JEREMY ROWSELL IS FLYING A WAM RV-9 from SYDNEY to MELBOURNE, Australia
Most light aircraft are fuelled by Avgas, a low lead based fuel, which is coming under increasing environmental and regulatory pressure. However, given the unique nature of Jeremy’s fuel converted from end life plastic, a special engine was needed that could cope and flourish with the Plastic Energy developed diesel.
Wilksch Airmotive, based at Staverton Airport, Gloucester England, had the answer.

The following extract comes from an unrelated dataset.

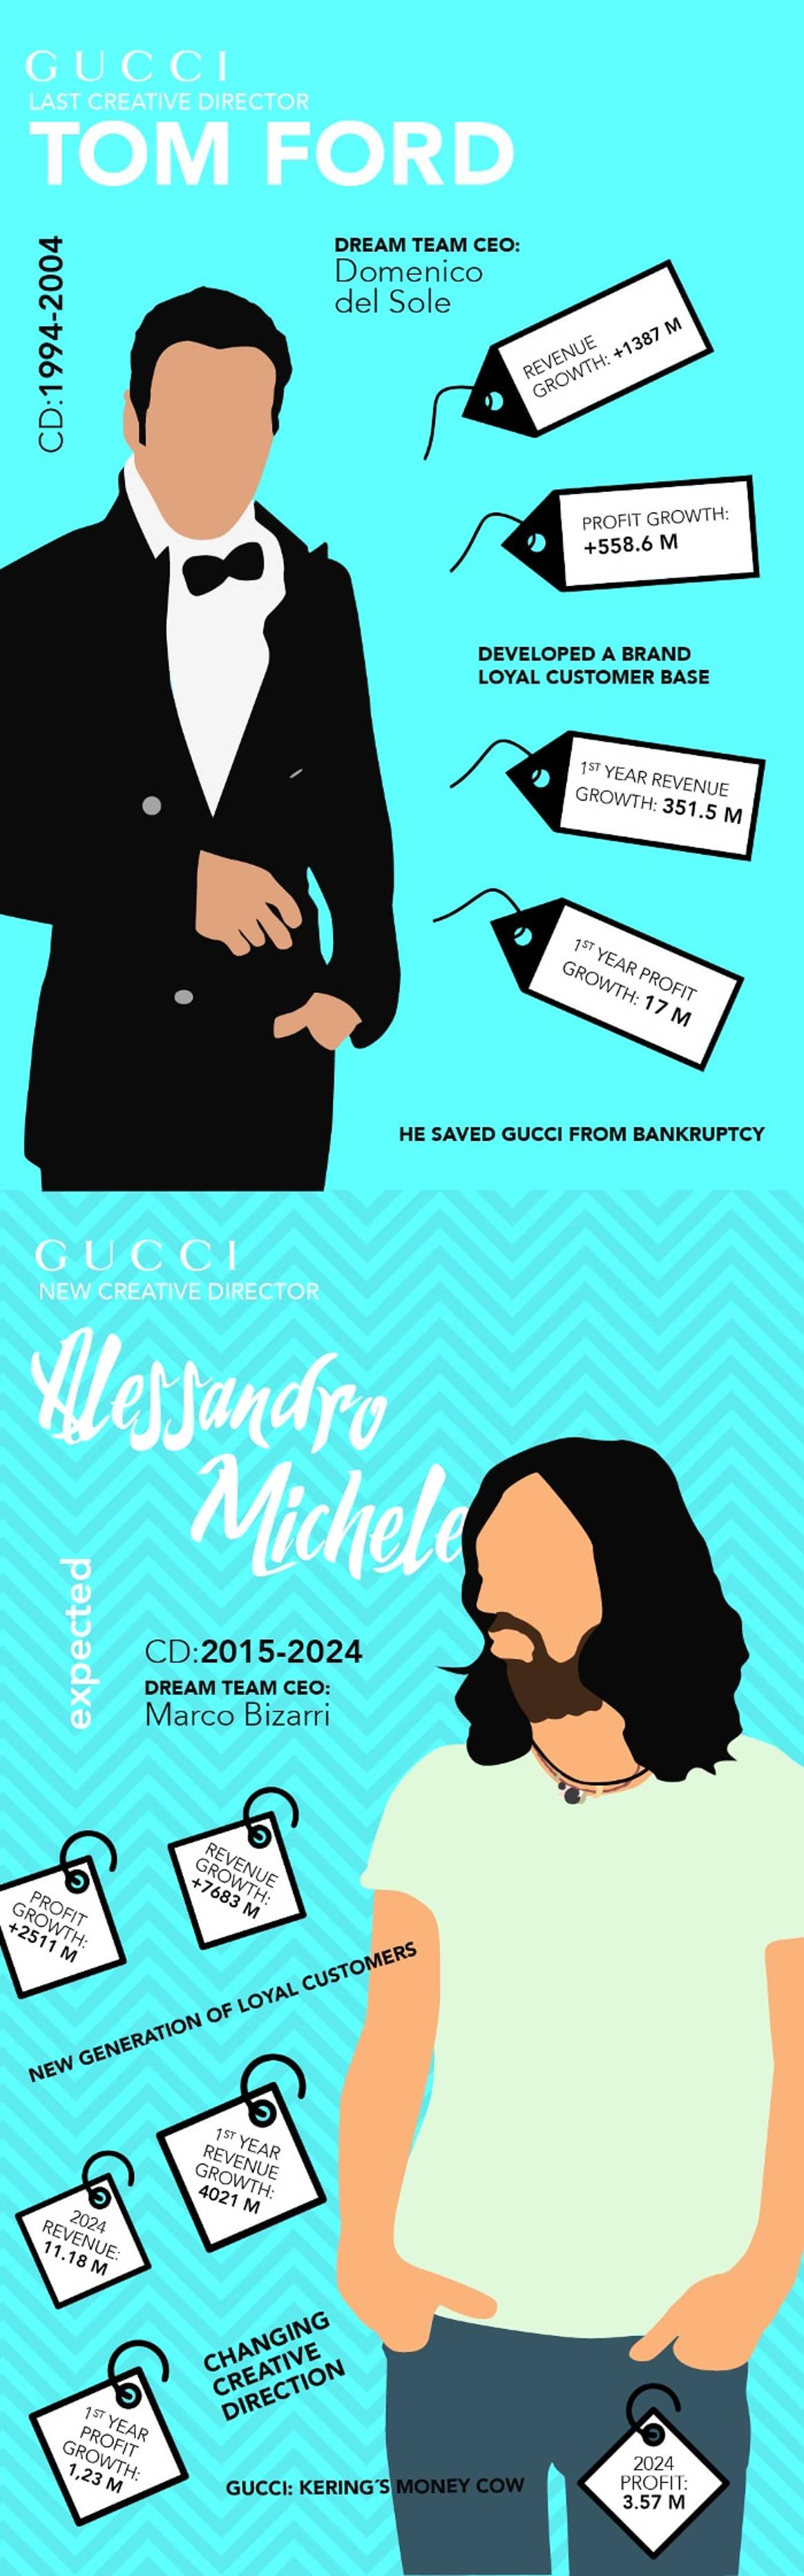 Infographic - Geek-chic vs Sex-bomb: the differences between Gucci’s Alessandro Michele & Tom Ford

Their new WAM engine concept allows the use of both diesel and jet fuels. This new technology brings numerous benefits and weighs no more than traditional Avgas burning engines. WAM engines are specifically designed to run on jet fuel and use new (to aircraft) diesel technology that avoids the technical compromises inherent in more conservative approaches. The result is an engine that exhibits excellent power to weight characteristics, and is ideally suited to the requirements of a large range of light aircraft.

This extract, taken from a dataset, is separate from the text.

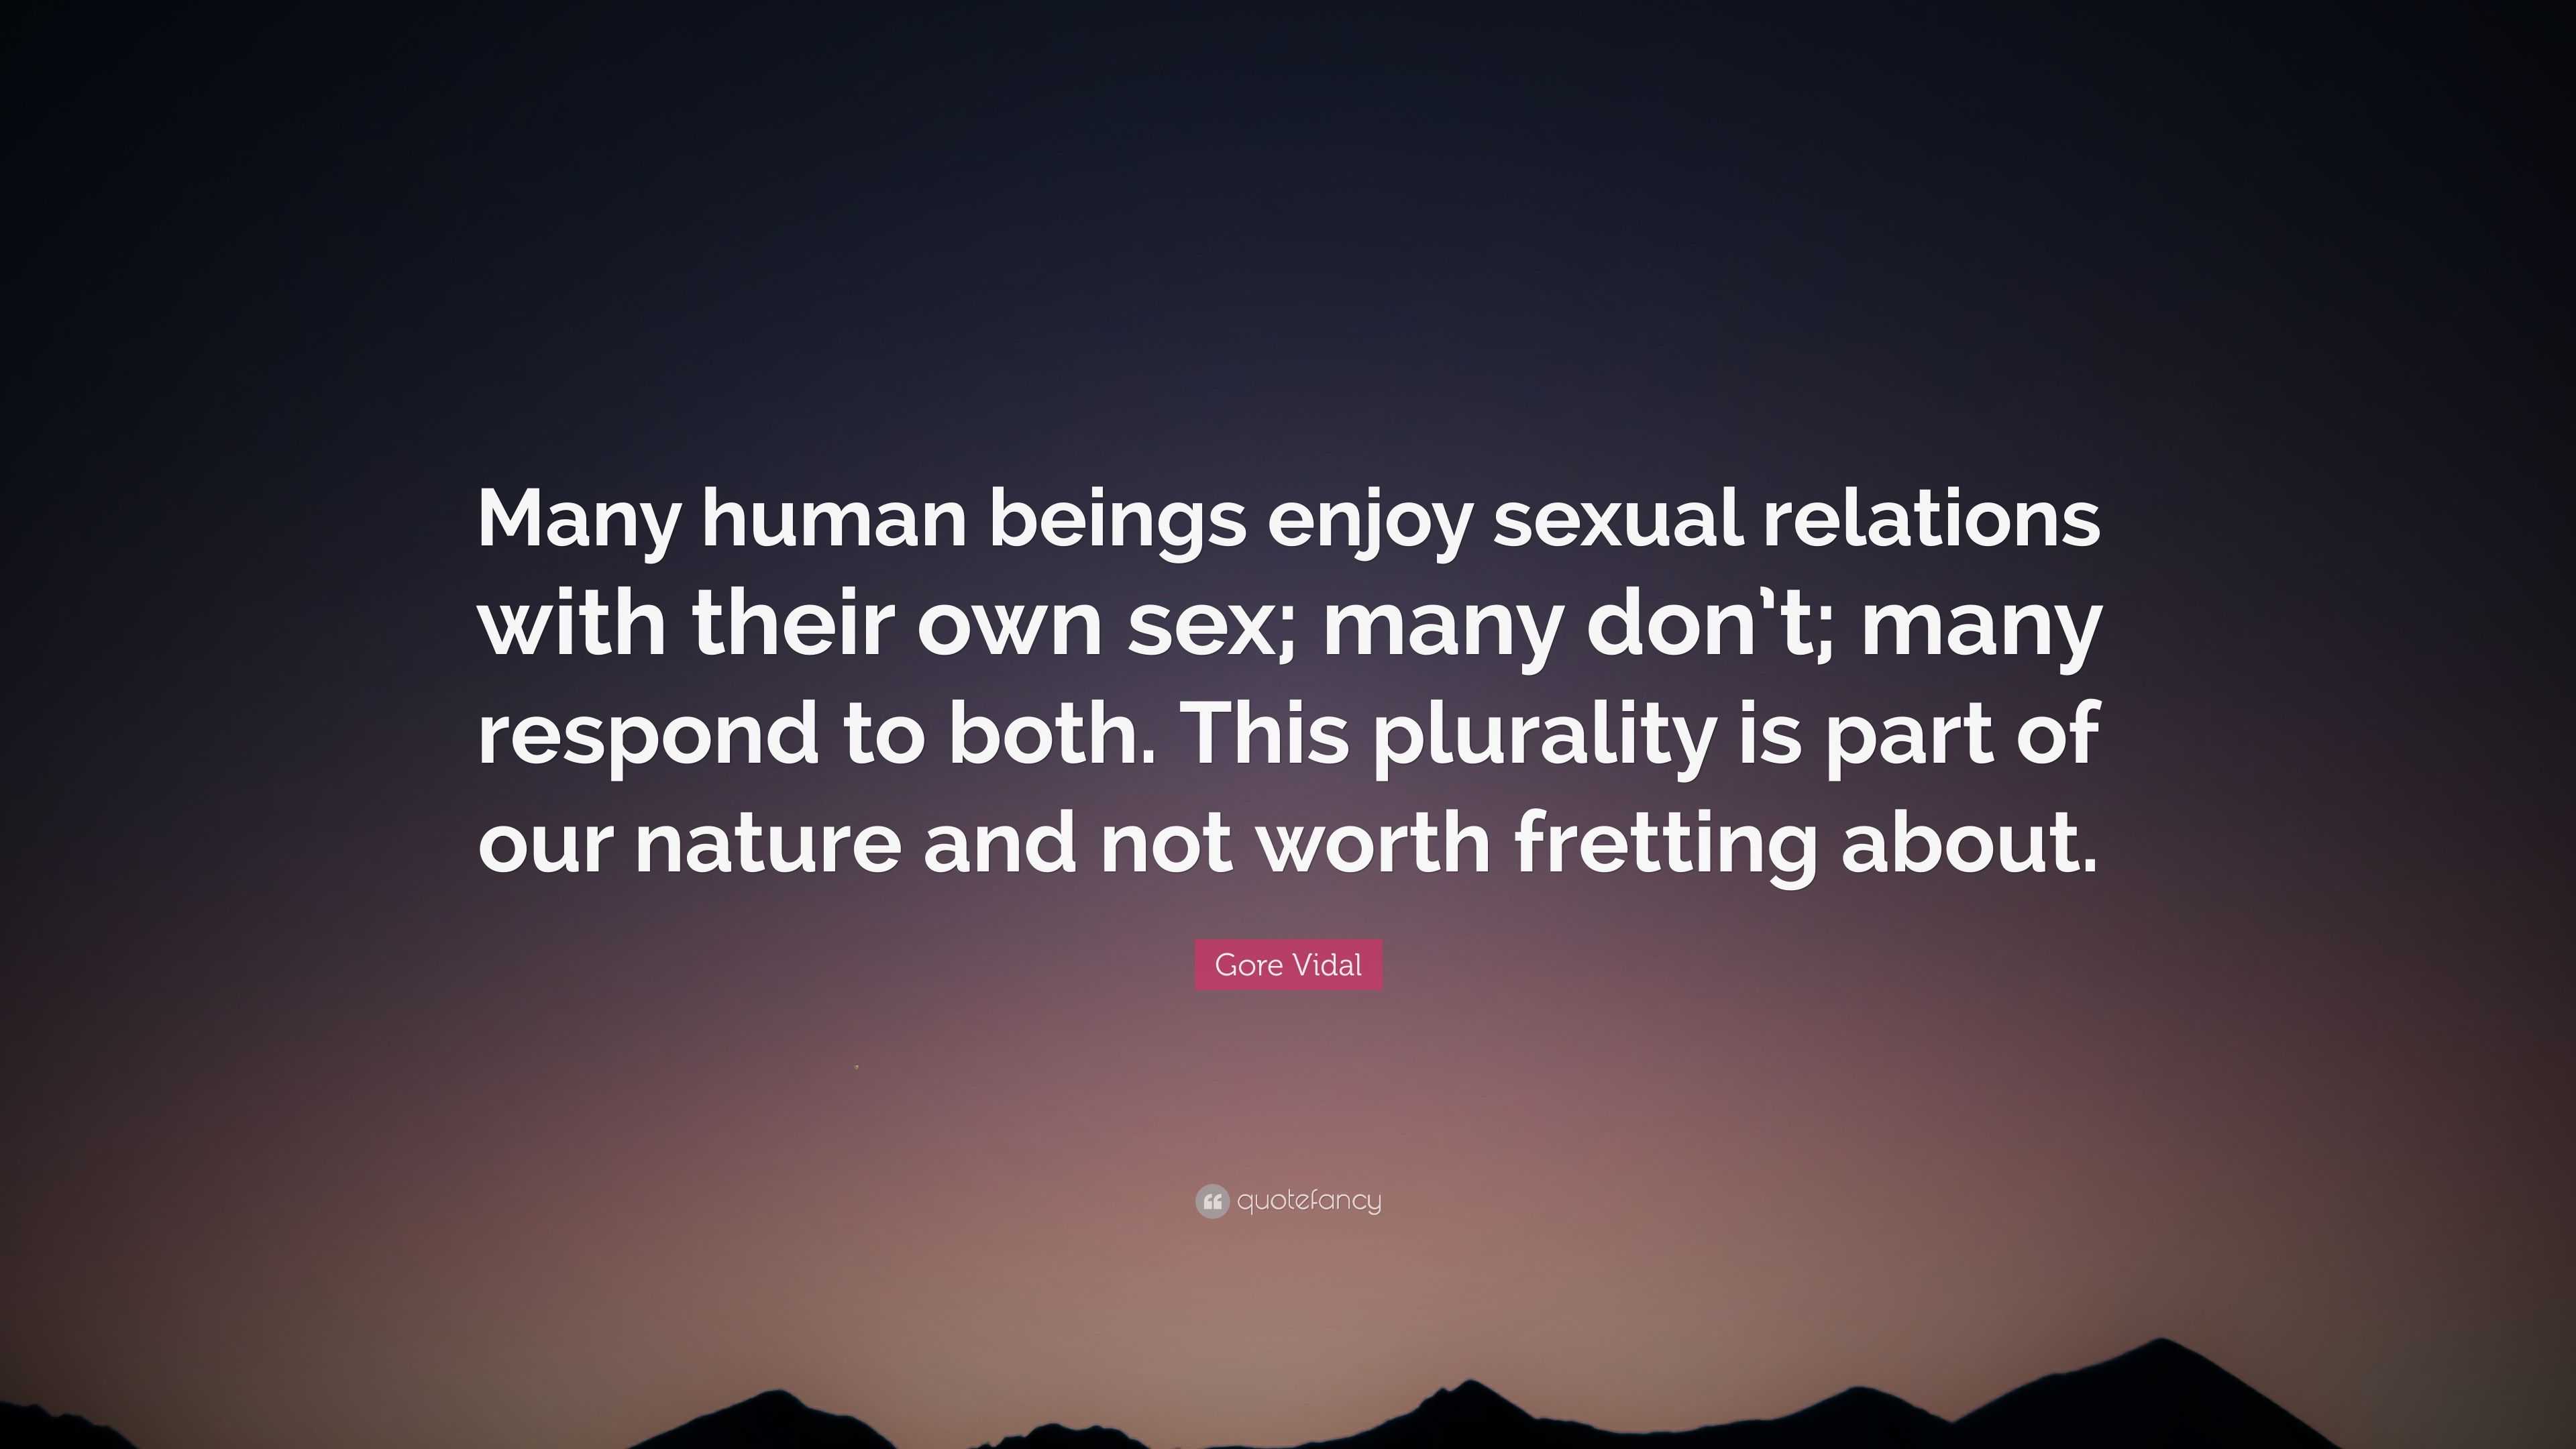 humans are sexual beings

Most importantly for On Wings of Waste the WAM engines are capable of running on bio diesels, and Wilksch Automotive is currently working with partners to assess the impact of wider use of bio diesel in light aviation.

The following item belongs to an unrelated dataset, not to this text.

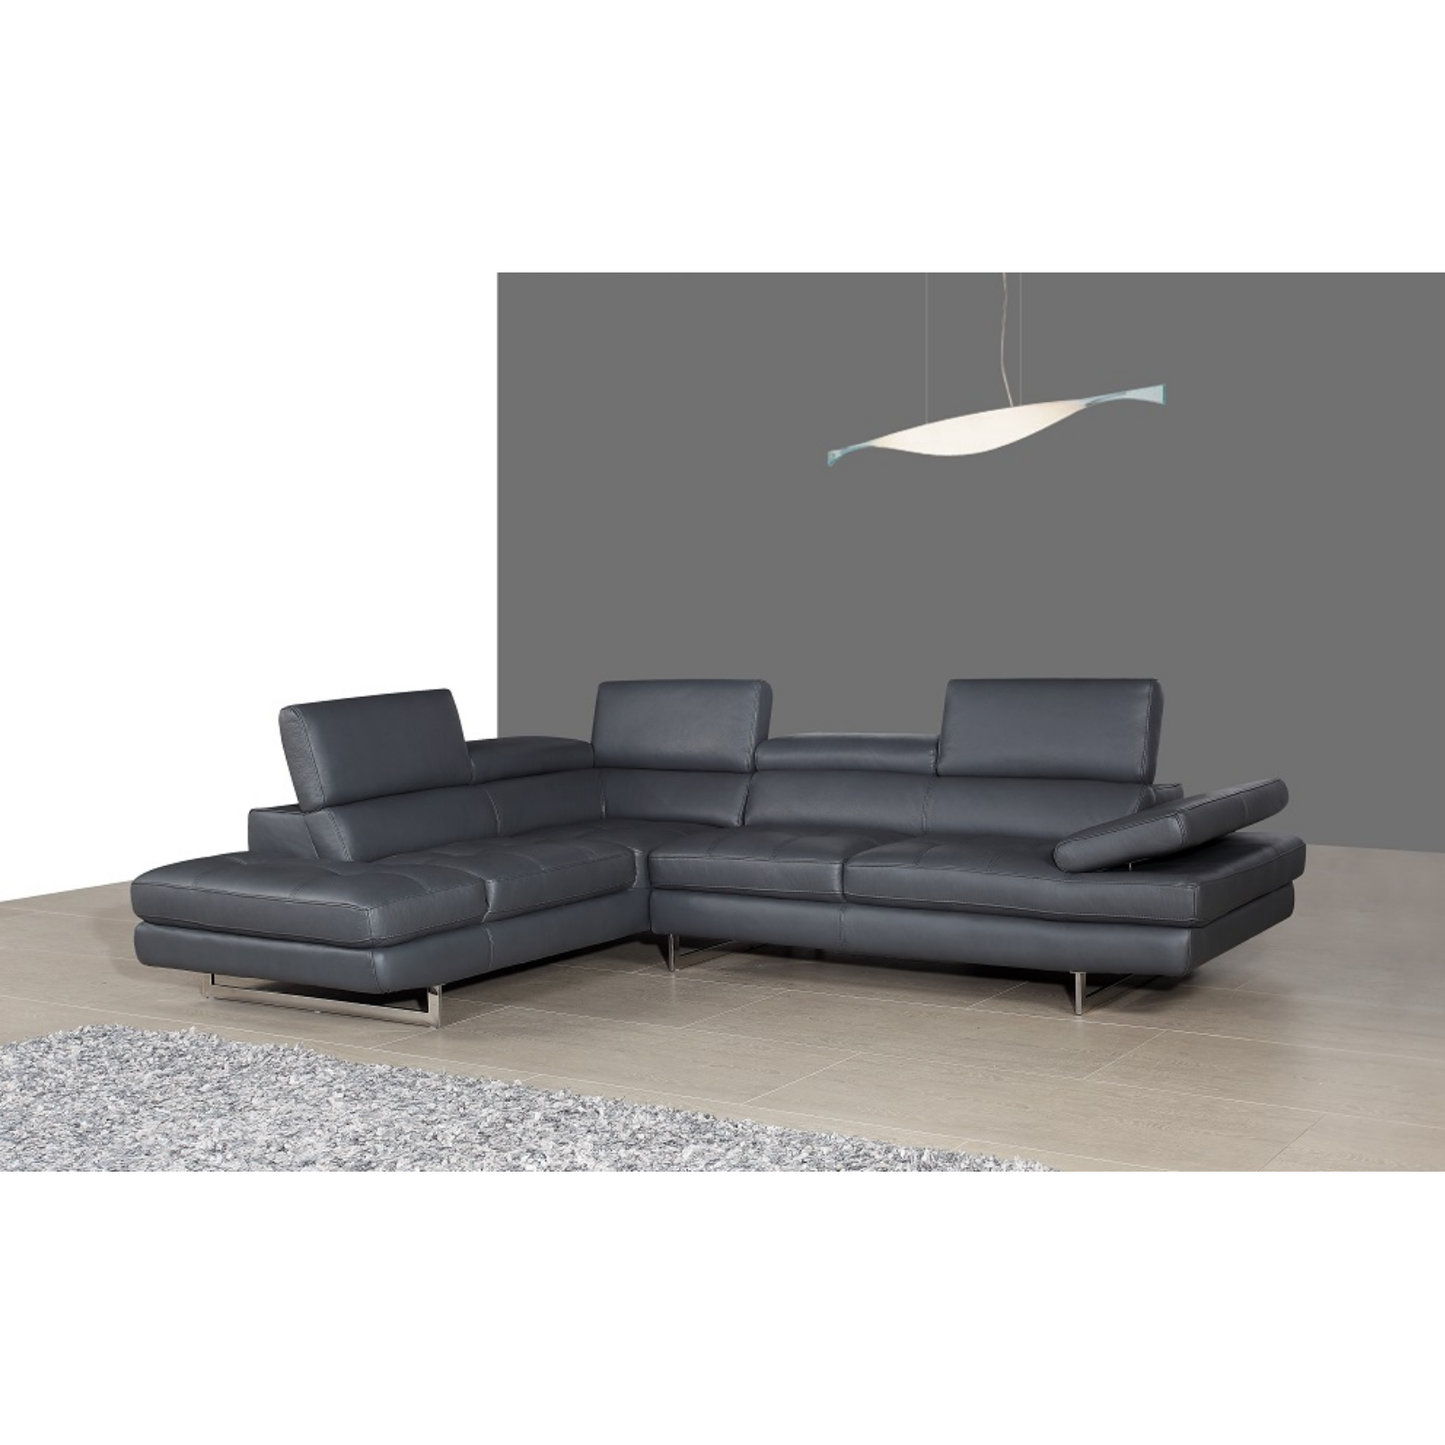 A761 Italian Leather Sectional Slate Grey In Left Hand Facing jnmfurniture Sectionals 178552-LHFC

WAM technology offers simple installation and maintenance with no reliance on electronics, delivering significant reduction in time, and hence costs, for both these operations. WAM engines also exhibit strong flight cycle fuel consumption characteristics. Compared with existing conventional engines, the WAM equivalents offer demonstrated aircraft range improvements of approximately 30%.
It is the perfect match for On Wings of Waste.